A key focus of Jinoos Yazdany's lupus research program has been examining the quality of health care delivered to patients with lupus. In 2009, with lupus experts from around the United States, she spearheaded the development of the first quality measure set for lupus. Subsequently, she has gone on to apply these measures to understand health care quality for patients with lupus. Her work has highlighted gaps in care for the condition, disparities in quality for vulnerable populations such as the uninsured, and also identified preventable medication errors.

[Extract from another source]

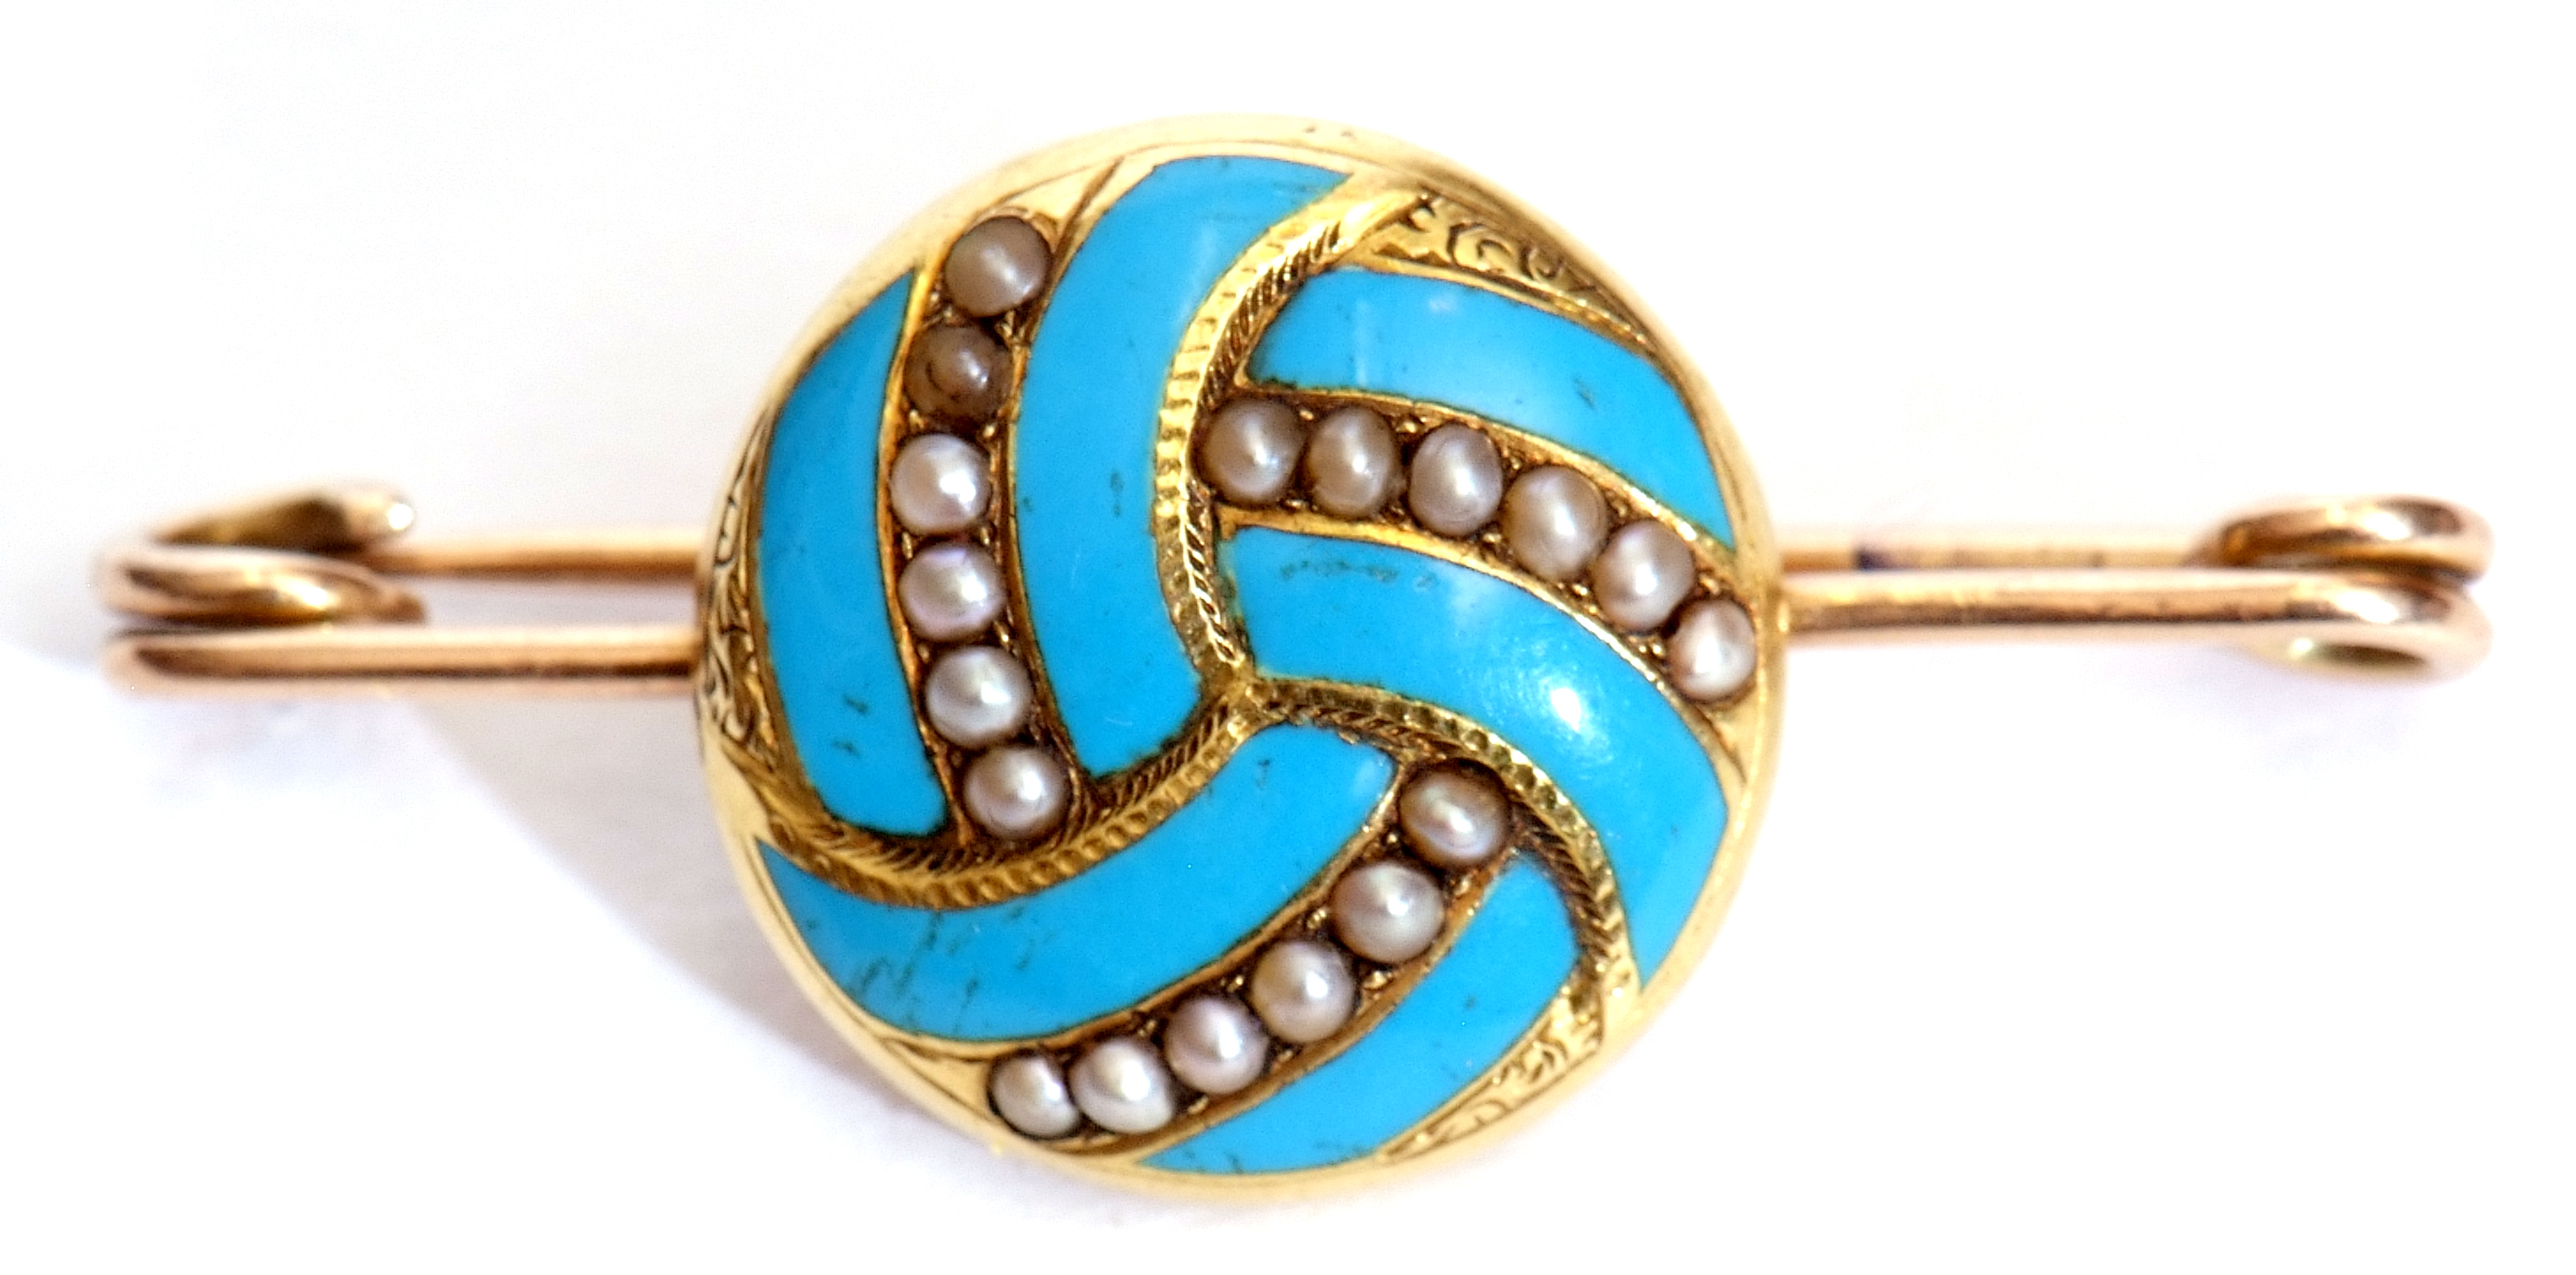 Antique turquoise enamel and seed pearl pin brooch, the circular panel with sections of turquoise
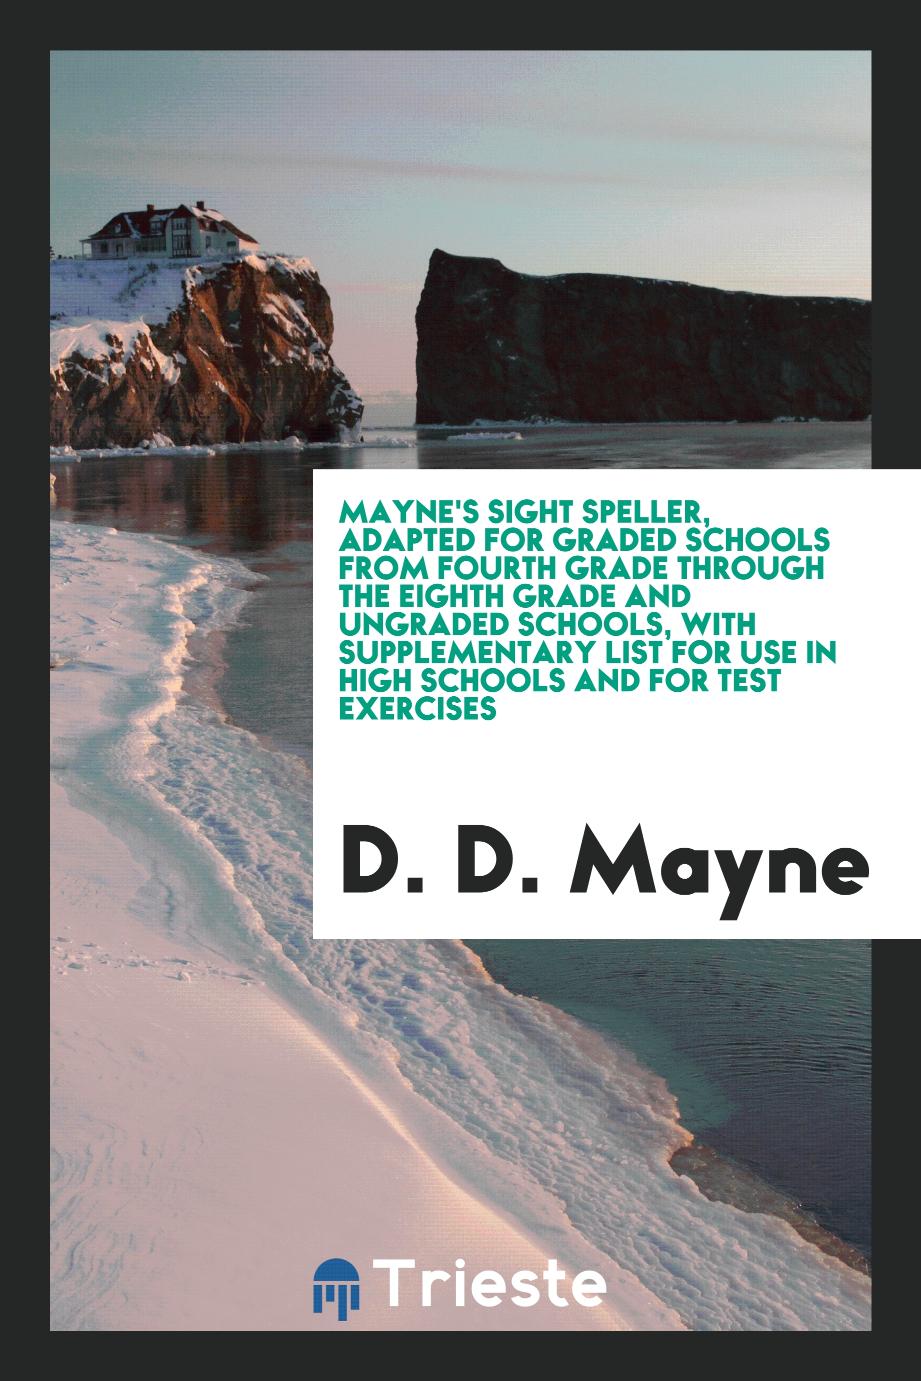 Mayne's sight speller, adapted for graded schools from fourth grade through the eighth grade and ungraded schools, with supplementary list for use in high schools and for test exercises

Dr. Jimmie Ye’s lab develops novel computational and genomics tools to characterize gene expression and studies the genetic basis for its effects on disease susceptibility. He has recently utilized multiplexed single droplet RNA sequencing to characterized gene expression in single cells of patients with systemic lupus erythematosus. He is Director of the P30 PREMIER Genomics and Molecular Resources Core, and in that role collaborates with a large number of faculty performing autoimmunity research at UCSF.
Vasculitis (Giant Cell Arteritis, Polyarteritis Nodosa, Granulomatosis with polyangiitis)
Dr. Sharon Chung’s research and clinical program focuses on the study of vasculitis, a group of life-threatening diseases caused by inflammation of the blood vessels. As the director of the UCSF Vasculitis Clinic, she works with other UCSF specialists to provide expert care in diagnosing and treating these rare and intensively complex diseases. Dr. Chung also leads state-of-the-art genetic and epigenetic research studies, and collaborates with national and international research networks, to help identify the biologic mechanisms that lead to vasculitis in order to develop less toxic treatments and more informative diagnostic tests.